WORK INSTRUCTION | Given the entries below, would you transcribe exactly the lines starting at the one with "Niall Horan Quote" and ending at the one with "The deforested land", both kept, pictures omitted, nothing extra?

SOURCE MATERIAL: Begin

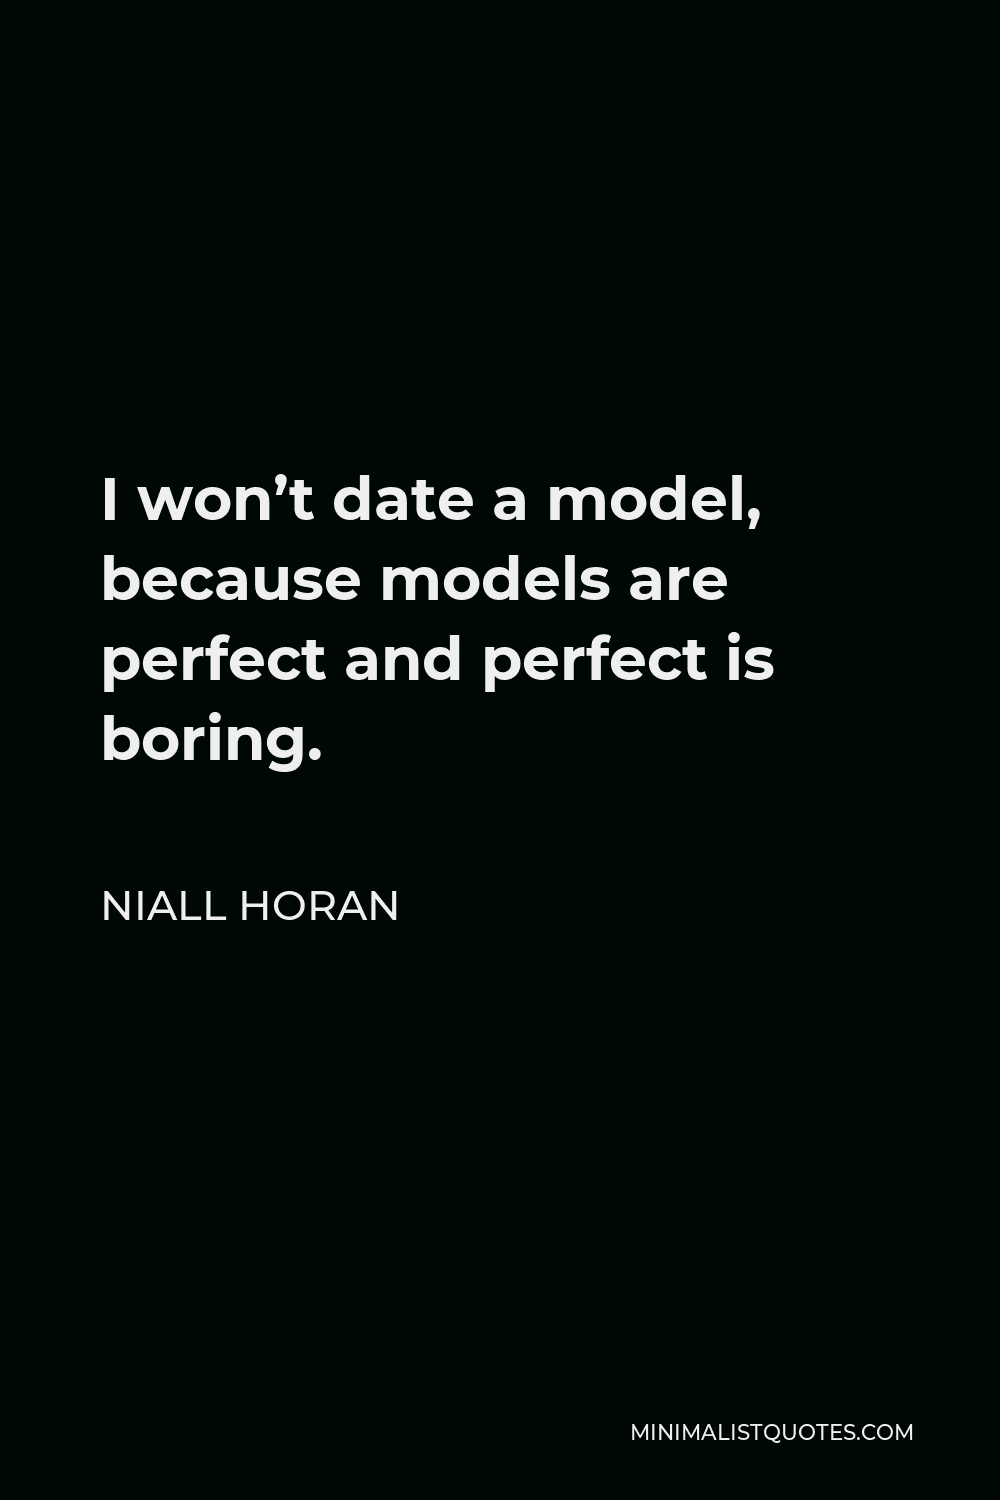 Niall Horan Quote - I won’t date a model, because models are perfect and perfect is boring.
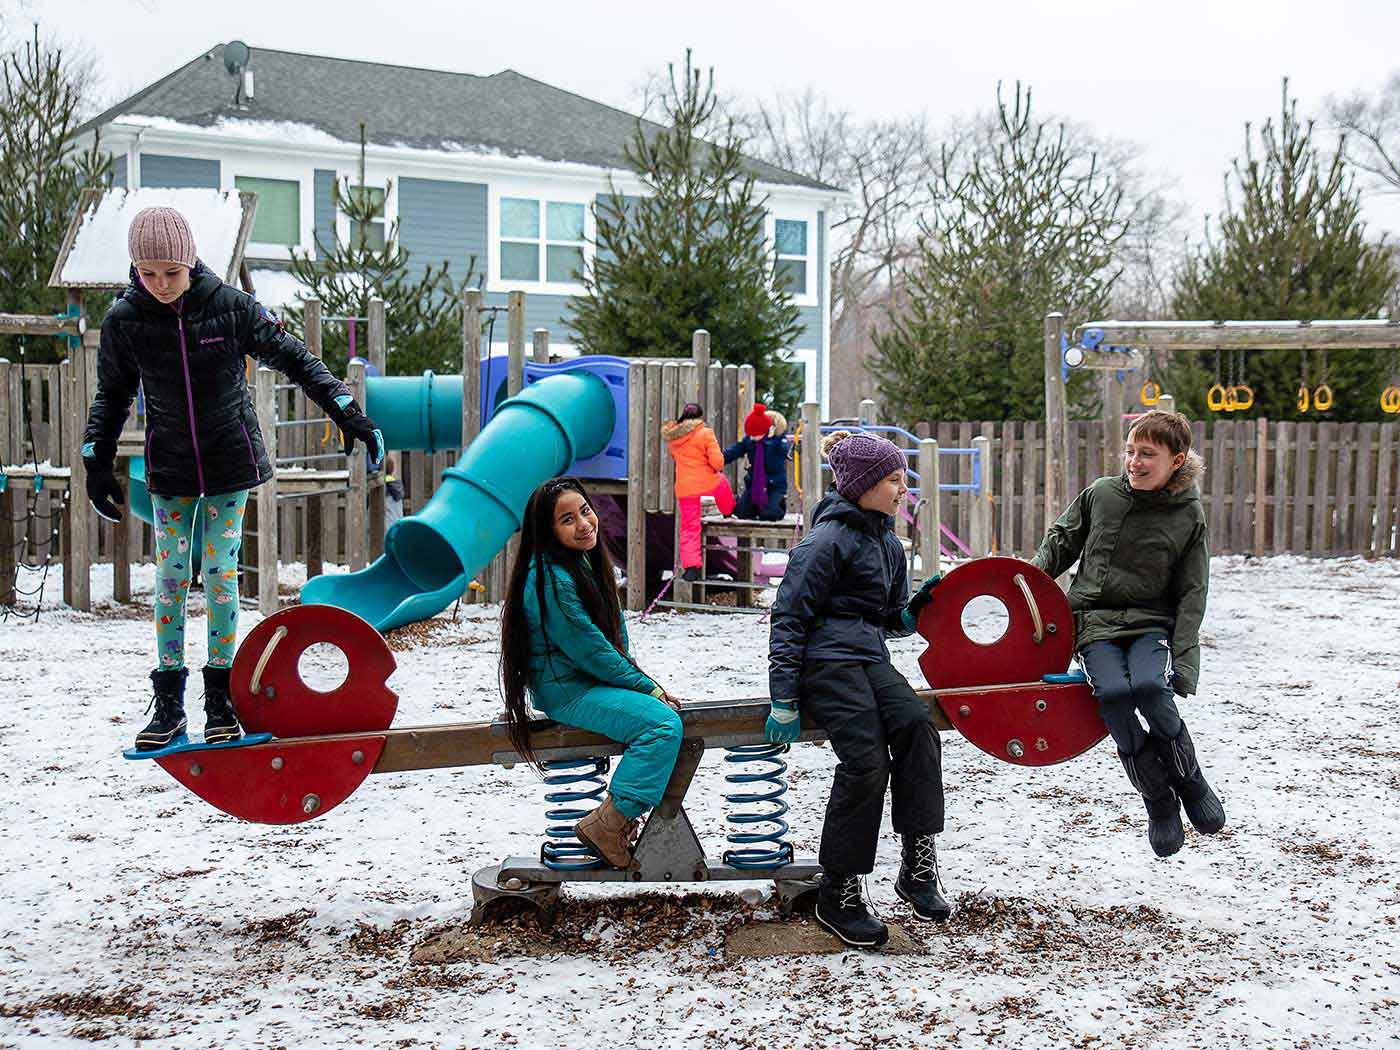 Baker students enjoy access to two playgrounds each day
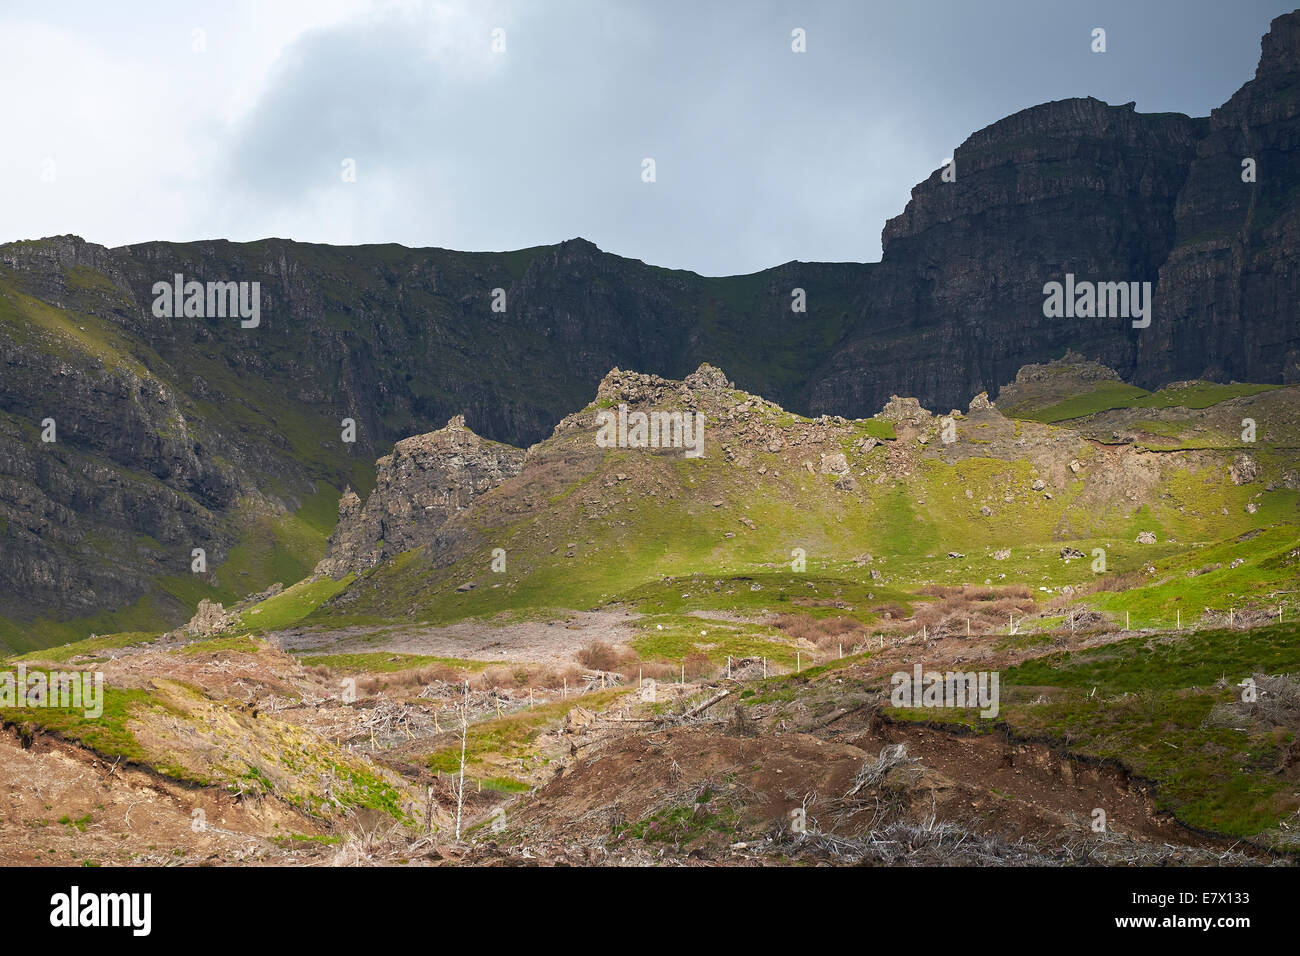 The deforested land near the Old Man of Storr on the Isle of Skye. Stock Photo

SOURCE MATERIAL: End
SOURCE MATERIAL: Begin

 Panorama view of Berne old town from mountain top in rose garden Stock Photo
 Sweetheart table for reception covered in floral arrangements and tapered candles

SOURCE MATERIAL: End

EXPECTED ANSWER |
 Niall Horan Quote - I won’t date a model, because models are perfect and perfect is boring.
 Baker students enjoy access to two playgrounds each day
 The deforested land near the Old Man of Storr on the Isle of Skye. Stock Photo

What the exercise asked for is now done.